It says that animal sacrifices couldn't take away sins, only cover them, I have heard this before but, on this site I don't think that's the concensus.


----------



## dudley (Jun 5, 2012)

Amen Joshua! I am in complete agreement with you. Only Christ takes away sin and if any here deny that then they are not Reformed Protestants or Christian.


----------



## arapahoepark (Jun 5, 2012)

ok. I was just asking because I have seen it posted that sins are imputed to the animal and therefore a shadow to Christ's imputation.


----------



## Nebrexan (Jun 5, 2012)

Hebrews 10:11 came to mind when I read the subject.
[BIBLE]Hebrews 10:11[/BIBLE]


----------



## py3ak (Jun 5, 2012)

Of course animal sacrifices do not take away sins, as has been pointed out. They functioned as shadows and could serve for _ritual purification_, but not for the cleansing of the heart. They were, in other words, good types of the spiritual atonement made by Christ and a means for the faith of the OT saints to apprehend him; but all they accomplished was a ceremonial atonement.



> For if the blood of bulls and of goats, and the ashes of an heifer sprinkling the unclean, sanctifieth to the purifying of the flesh: How much more shall the blood of Christ, who through the eternal Spirit offered himself without spot to God, purge your conscience from dead works to serve the living God?


 - Hebrews 9:13,14


----------



## arapahoepark (Jun 5, 2012)

Ah!
Thanks for your help and clarification!


----------



## Contra_Mundum (Jun 5, 2012)

The sacrifices of Leviticus (chs.1-6) state variously, "...thus the priest shall make atonement for him as concerning his sin, and he shall be forgiven."

But these sorts of statements cannot be read as if they had 1) no correlation to heart-repentance; and 2) no connection between a sign and thing signified.

Truly, the OT commentary on the intrinsic value of these sacrifices is given by Jeremiah, see ch.7:4,9-10, cf. vv22-23. There, the prophet makes it plain that vain offerings were worthless in God's sight. There was no pagan "appeasement" of the divinity by sacrifices, a precise keeping of the ritual, which guaranteed the Lord's interest in perpetuating them (and so, he would surely destroy the invaders). This was not his commandment for them, in bringing them out of Egypt.

The sacrifices had become abominable to God, the people bringing them were unrepentant, and their sins would not be forgiven on the basis of them. See also Is.1:13-14.

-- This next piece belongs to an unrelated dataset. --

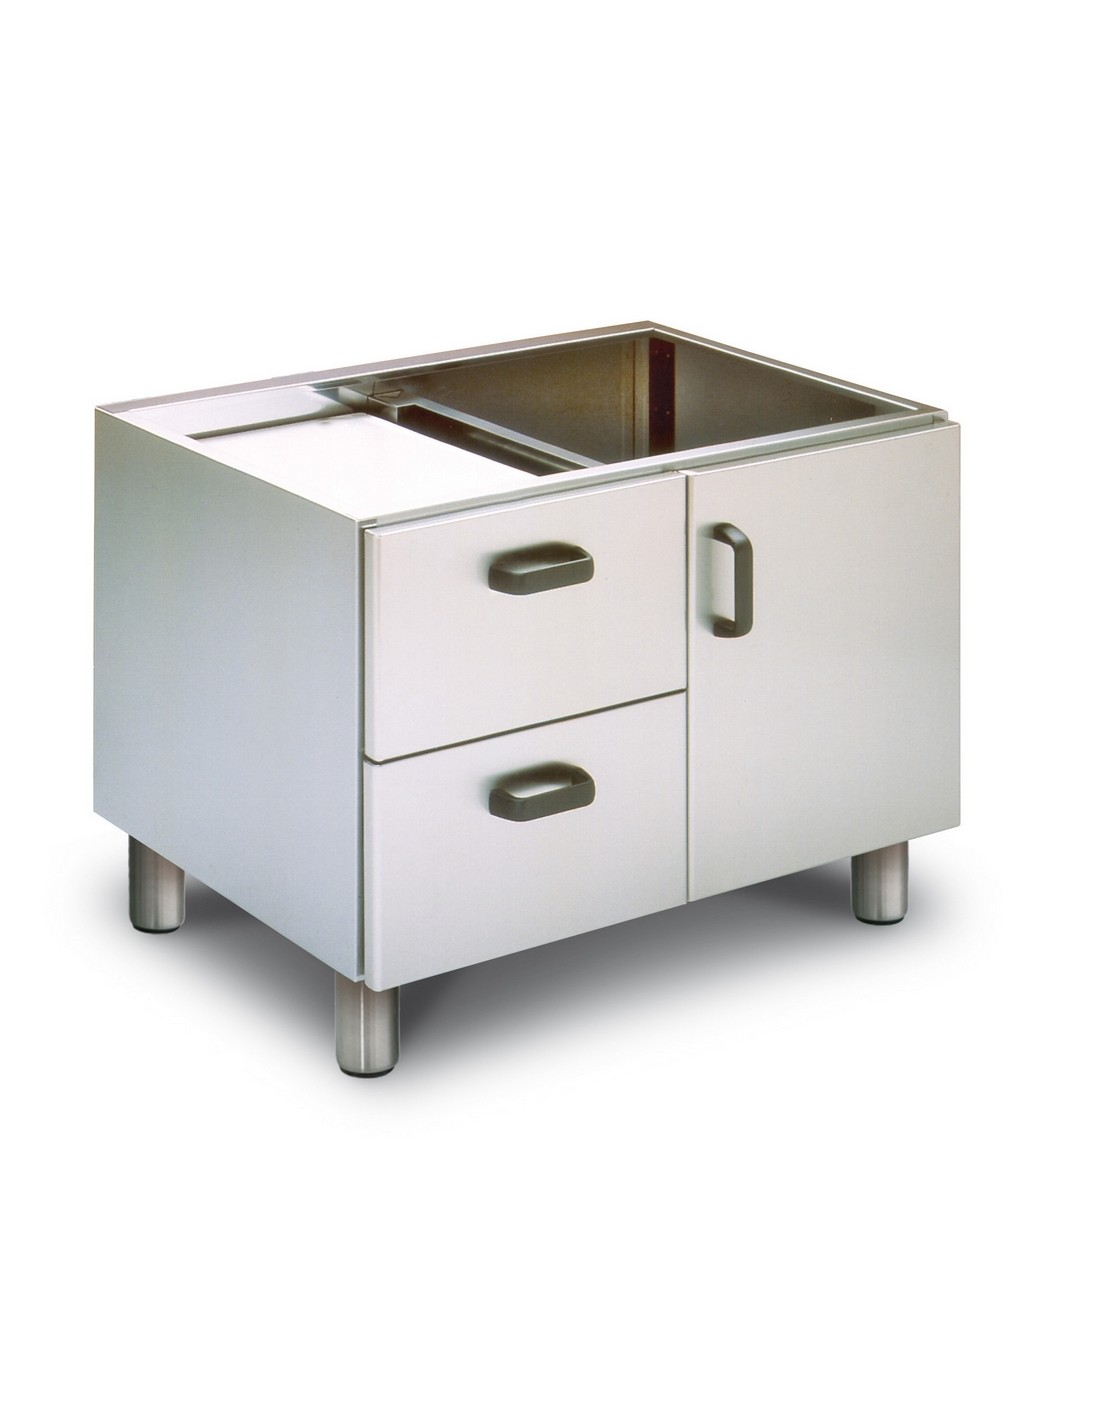 Base with door and drawers - N &176 2 x GN 1/1 h 15 - Plastic - Dimensions cm 80 x 61.5 x 60h

Nor could the sacrifices themselves satisfy for sin, and this was well understood; or else the words of Micah become nonsense: Mic 6:7, "Will the LORD be pleased with thousands of rams, or with ten thousands of rivers of oil? shall I give my firstborn for my transgression, the fruit of my body for the sin of my soul?" In other words, even the bringers of the authorized offerings had to realize that this sacrifice was not equal to the enormity of the crime or the depravity of the sinner. Be they never so multiplied or extreme, by themselves they did not avail.

So David recognized, Ps.51:16-17, "For thou desirest not sacrifice; else would I give it: thou delightest not in burnt offering. The sacrifices of God are a broken spirit: a broken and a contrite heart, O God, thou wilt not despise." And again, Ps.40:6, "Sacrifice and offering thou didst not desire; mine ears hast thou opened: burnt offering and sin offering hast thou not required." So taught Samuel, "Has the LORD delight in burnt offerings and sacrifices, as in obeying the voice of the LORD? Behold, to obey is better than sacrifice, and to listen than the fat of rams."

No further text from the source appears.